Symmetric Tree

Given a binary tree, check whether it is a mirror of itself (ie, symmetric around its center).

For example, this binary tree[1,2,2,3,4,4,3]is symmetric:

    1
   / \
  2   2
 / \ / \
3  4 4  3

But the following[1,2,2,null,3,null,3]is not:

    1
   / \
  2   2
   \   \
   3    3

Note:
Bonus points if you could solve it both recursively and iteratively.

Analysis

From https://leetcode.com/articles/symmetric-tree/

Recursive

Check left subtree and right subtree to see if they are mirrors of each other, also the value of root node should be the same.

(node1.val == node2.val) && isMirror(node1.left, node2.right) && isMirror(node1.right, node2.left);

Complexity Analysis

  • Time complexity :O(n). Because we traverse the entire input tree once, the total run time is O(n), where n is the total number of nodes in the tree.

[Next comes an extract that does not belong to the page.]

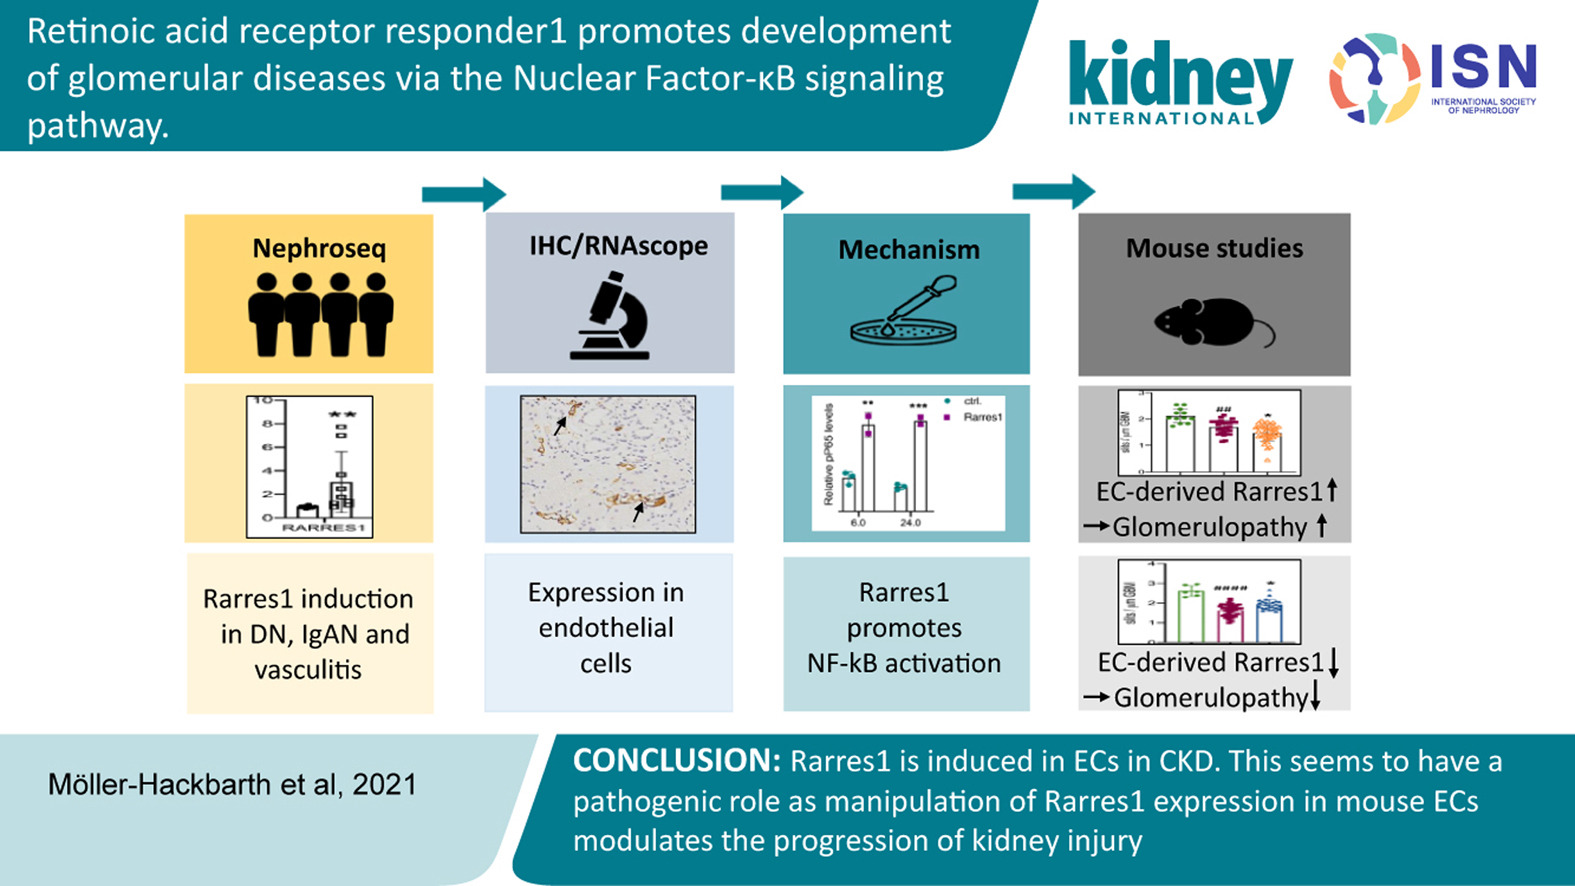 Retinoic Acid Receptor Responder1 Promotes Development of Glomerular Diseases via the Nuclear Factor-KB Signaling Pathway
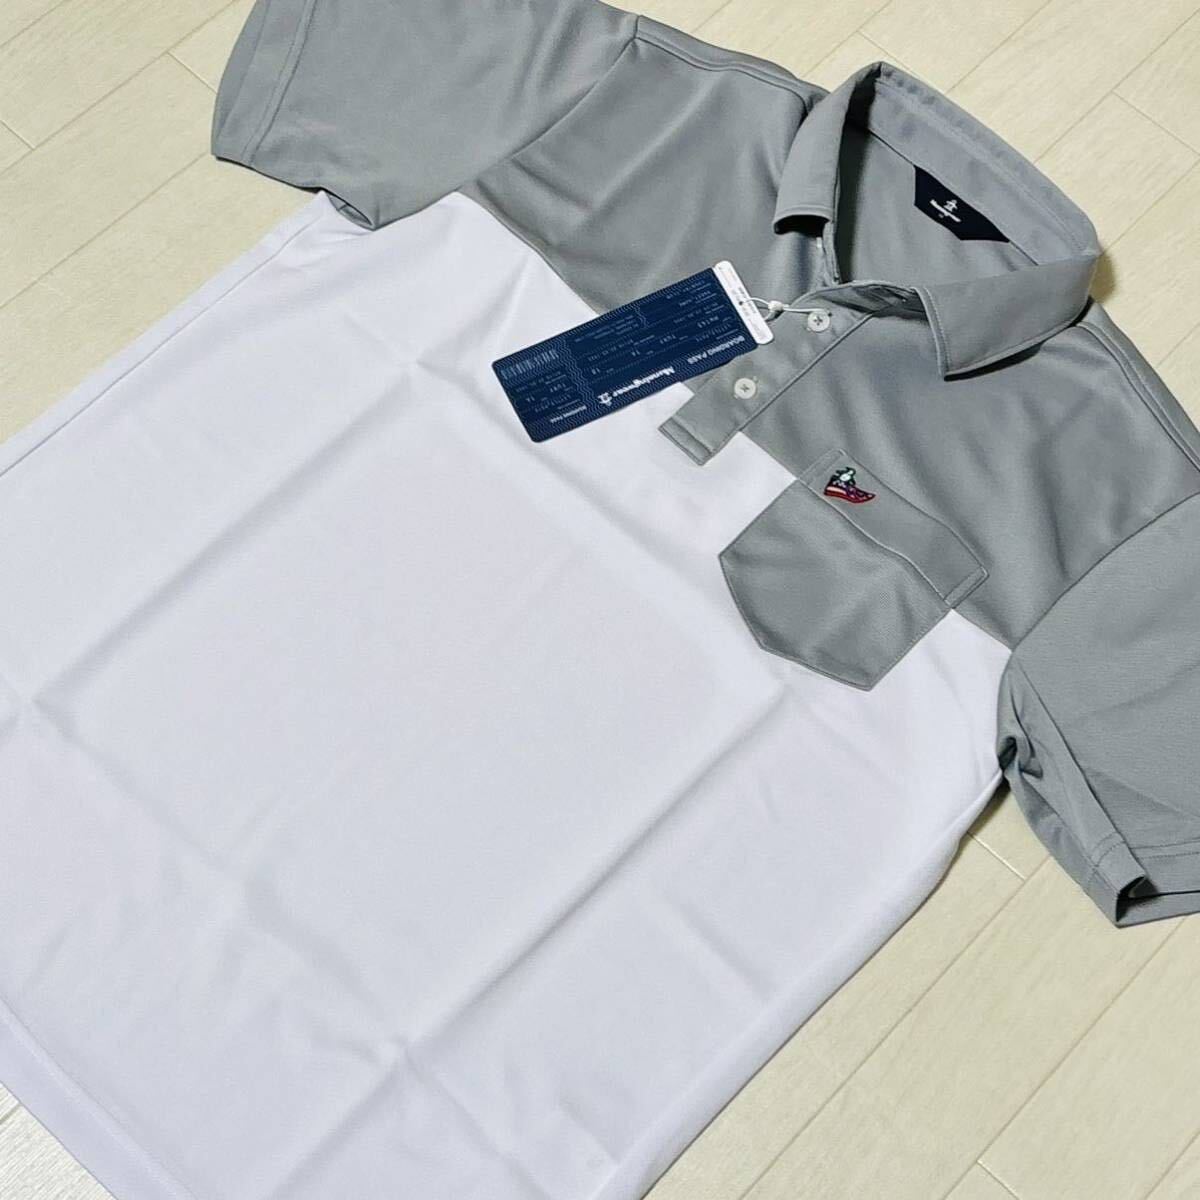  new goods * Munsingwear wear Munsingwear Golf wear switch design . sweat speed . polo-shirt with short sleeves * made in Japan * gray * size M* postage 185 jpy

  • Space complexity : The number of recursive calls is bound by the height of the tree. In the worst case, the tree is linear and the height is inO(n). Therefore, space complexity due to recursive calls on the stack is O(n) in the worst case.

Iterative

Use queue, when adding to the queue, put right and left children of two nodes in opposite order:

        q.offer(t1.left);
        q.offer(t2.right);
        q.offer(t1.right);
        q.offer(t2.left);

Complexity Analysis

  • Time complexity :O(n). Because we traverse the entire input tree once, the total run time is O(n), where n is the total number of nodes in the tree.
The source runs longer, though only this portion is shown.